Другой голос за голозавесой:
— Поэтому мы и не смогли связать эти убийства с прошлыми. Два женских трупа, вываренных в кислоте до неузнаваемости. Это не походило на серийные убийства.
Еще один голос, срывающийся:
— Наручники, дурак! Ты прокололся на наручниках!
Первый голос:
— Марек, сядь на место и замолчи, а то выгоню.
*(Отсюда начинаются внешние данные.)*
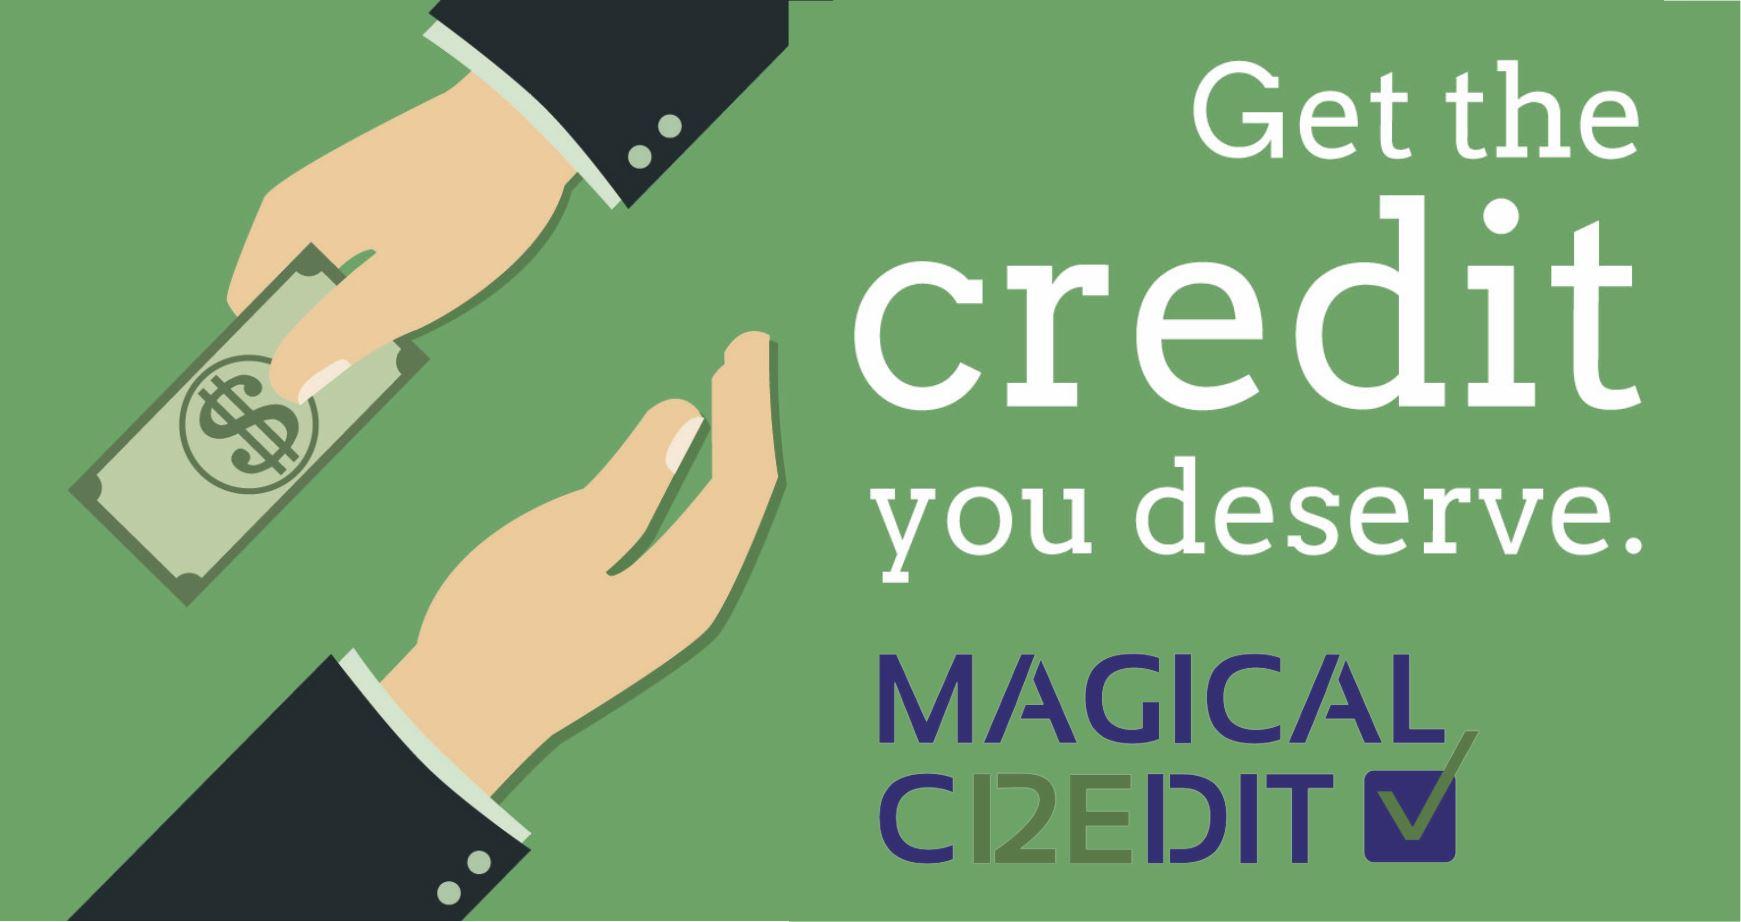 Magical Credit Header
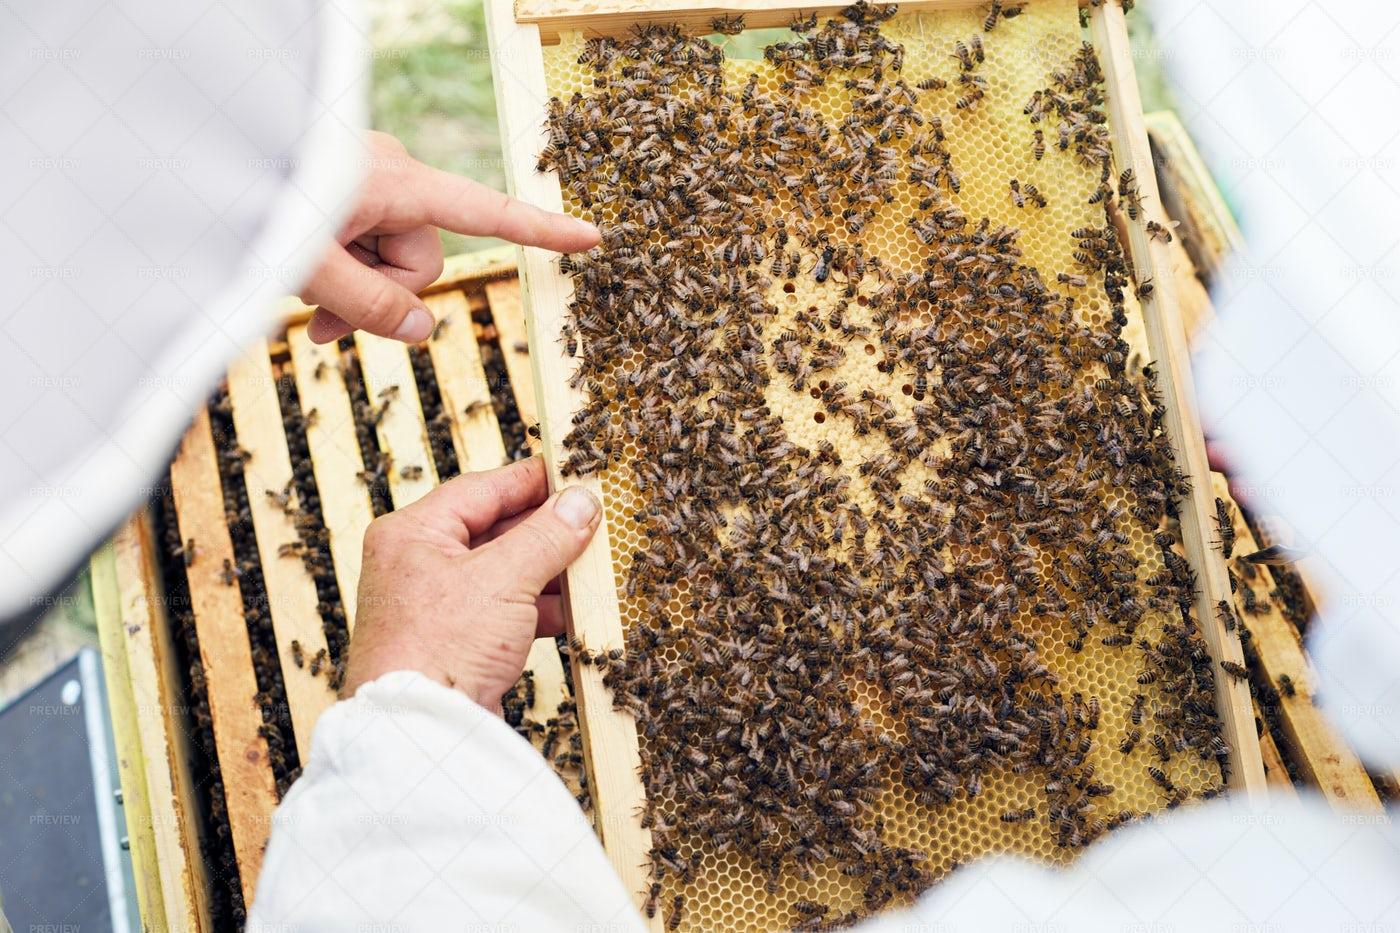 Beekeepers Examining Hive: Stock Photos

Ответ подследственного: хихиканье.
Срывающийся голос:
— Какая же ты сволочь.
Первый голос:
— МАРЕК!!!
Конец записи.
Вторая запись
Голос за голозавесой.
Вопрос:
— Почему вы использовали наручники?
Ответ:
— Не я использовал. Дерек. Мы так развлекались. Сексуальные игры. Ему нравилось так играть со мной. Он поднимал меня, беспомощного, на наручниках. Потом он использовал наручники с детьми.
Вопрос:
— Вам было важно убивать?
Ответ:
— Какой странный вопрос.
Вопрос:
— Вычеркиваем.
Вопрос:
— Что вы чувствовали, когда убивали?
Молчание длилось минуту.
Ответ:
— Это немного похоже на секс. С той разницей лишь, что секс можно разнообразить. Убийство — всегда убийство.
Вопрос:
— Почему вы пришли к Мареку Виленски и сказали, что вас подставили? Что у вас лунатизм?
Ответ:
— Это было просто. Он мог мне поверить. Летиция могла и поверила и приказала, чтоб меня не трогали до поимки убийцы. Дерека бы поймали, и я заткнул бы ему рот. Я бы остался вне подозрений, идя по краю.
Голос за завесой:
— Ты и ходил по краю. Ты меня использовал. Ты связал всех: Летицию, меня, всю полицию. Дерек убивал только в Красном секторе.
Молчание.
Ответ:
— Красный сектор — территория детства Дерека. Поэтому только в нем он и убивал.
Голос за завесой:
— Ты меня любишь?
— ВИЛЕНСКИ!!!
Конец записи.
========== Глава 17 Письмо ==========
Настал день «икс», и Пат отдал мне письмо. Не знаю, как оно оказалось у него. Может, Летиция отдала. Не суть важно. Важно то, что они все всё знали, а я ничего не знал.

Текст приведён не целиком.